* **Work task**: Repeat the listing that follows character for character, omitting images.

* **Recorded data**:
>>>

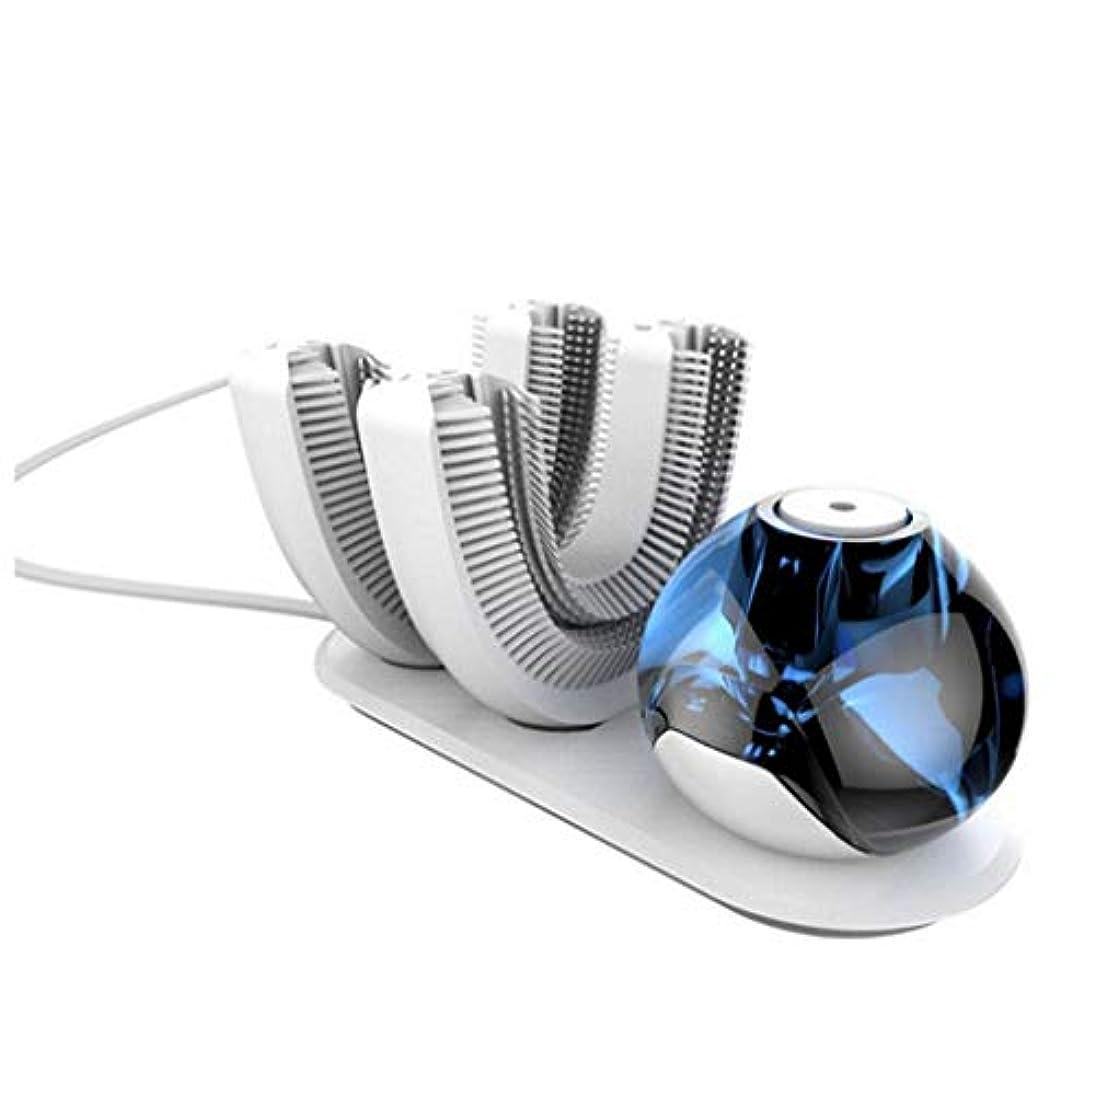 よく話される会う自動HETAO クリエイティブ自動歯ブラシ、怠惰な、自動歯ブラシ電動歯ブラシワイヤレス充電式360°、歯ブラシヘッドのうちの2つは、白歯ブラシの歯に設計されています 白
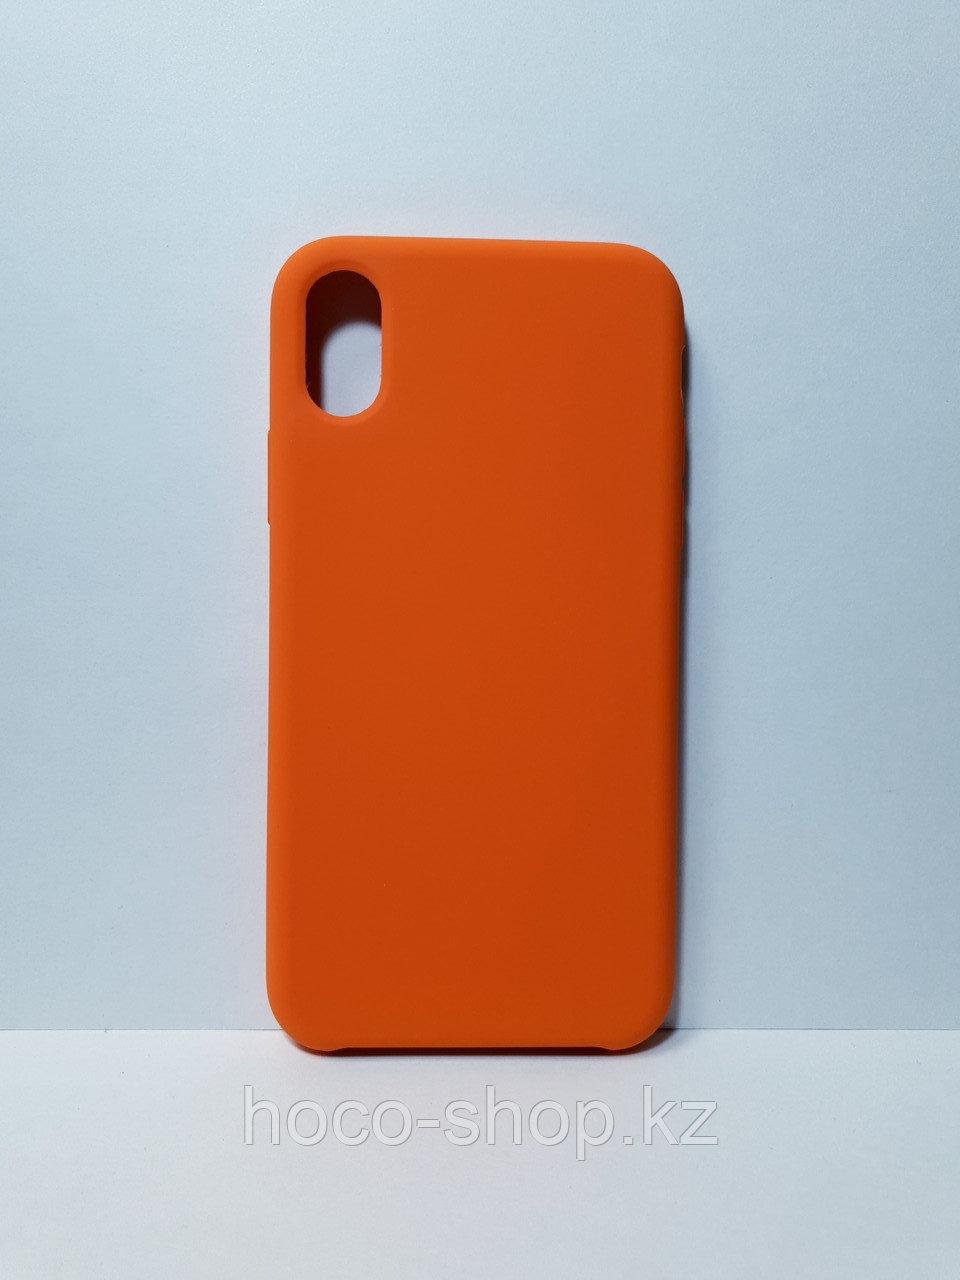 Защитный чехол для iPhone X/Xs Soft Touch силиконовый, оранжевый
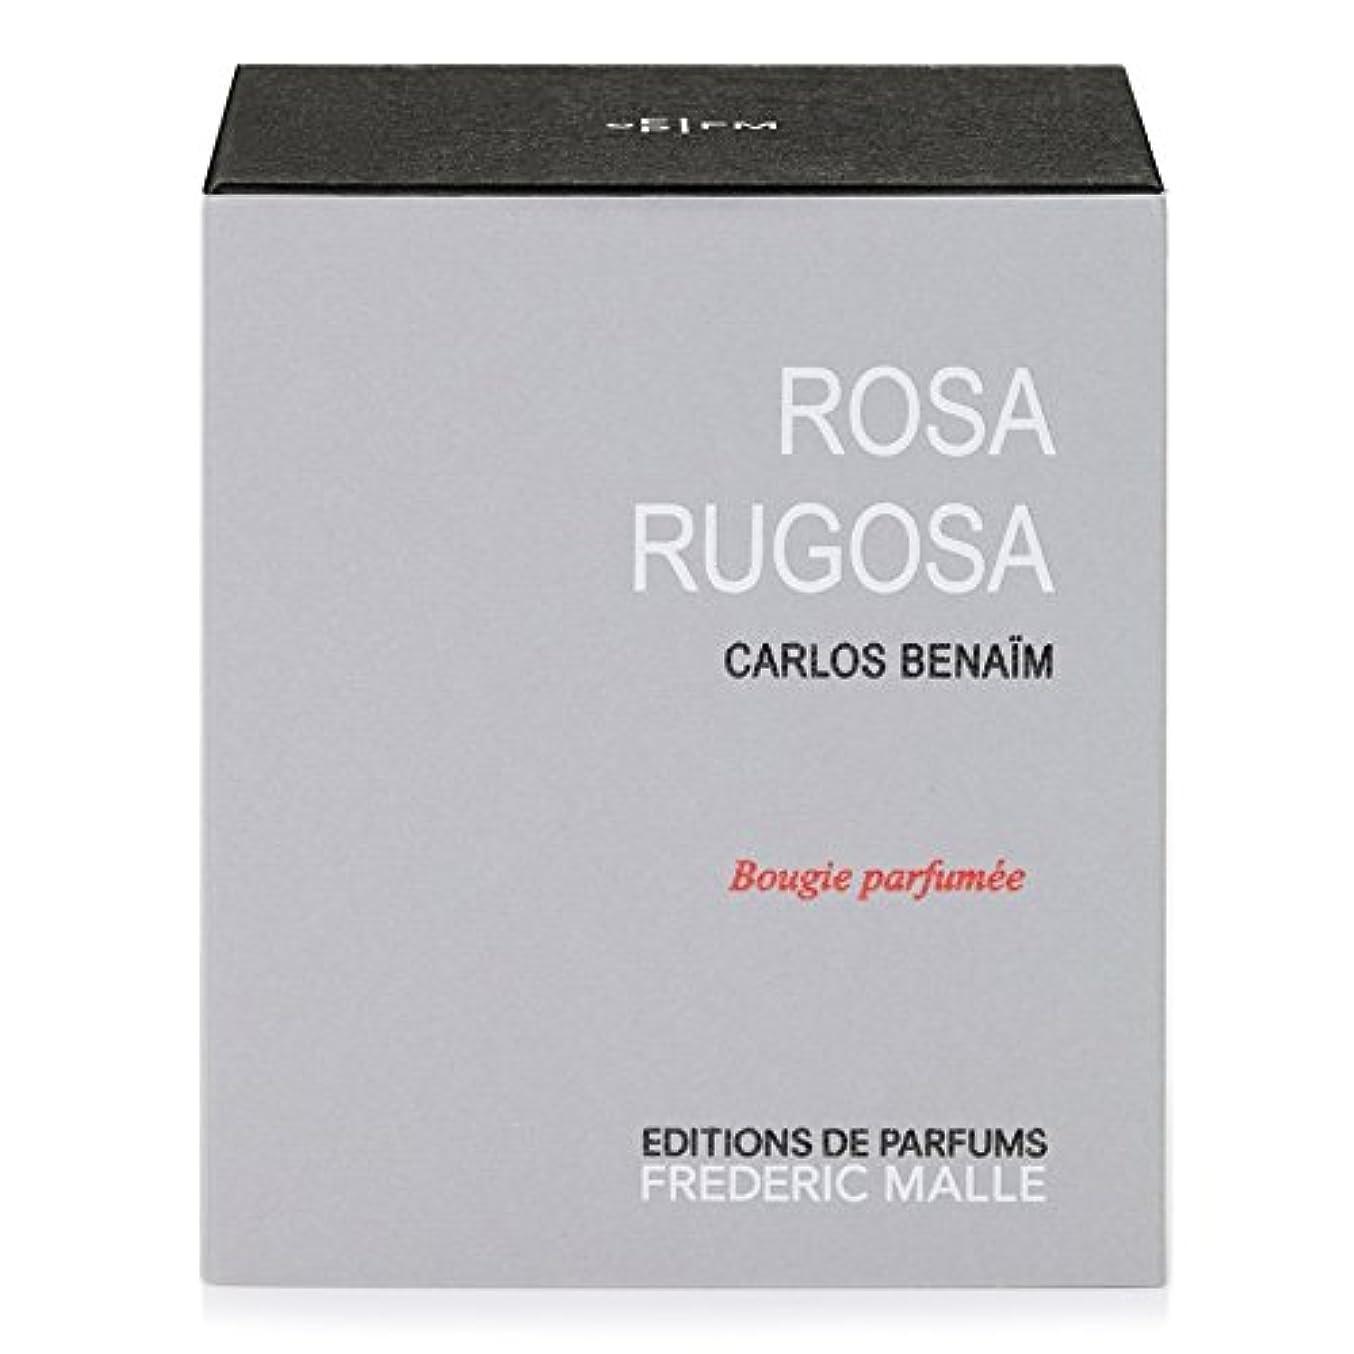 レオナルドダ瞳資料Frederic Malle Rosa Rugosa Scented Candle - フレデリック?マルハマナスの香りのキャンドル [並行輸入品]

<<<

* **Result below**:
 よく話される会う自動HETAO クリエイティブ自動歯ブラシ、怠惰な、自動歯ブラシ電動歯ブラシワイヤレス充電式360°、歯ブラシヘッドのうちの2つは、白歯ブラシの歯に設計されています 白
 Защитный чехол для iPhone X/Xs Soft Touch силиконовый, оранжевый
 レオナルドダ瞳資料Frederic Malle Rosa Rugosa Scented Candle - フレデリック?マルハマナスの香りのキャンドル [並行輸入品]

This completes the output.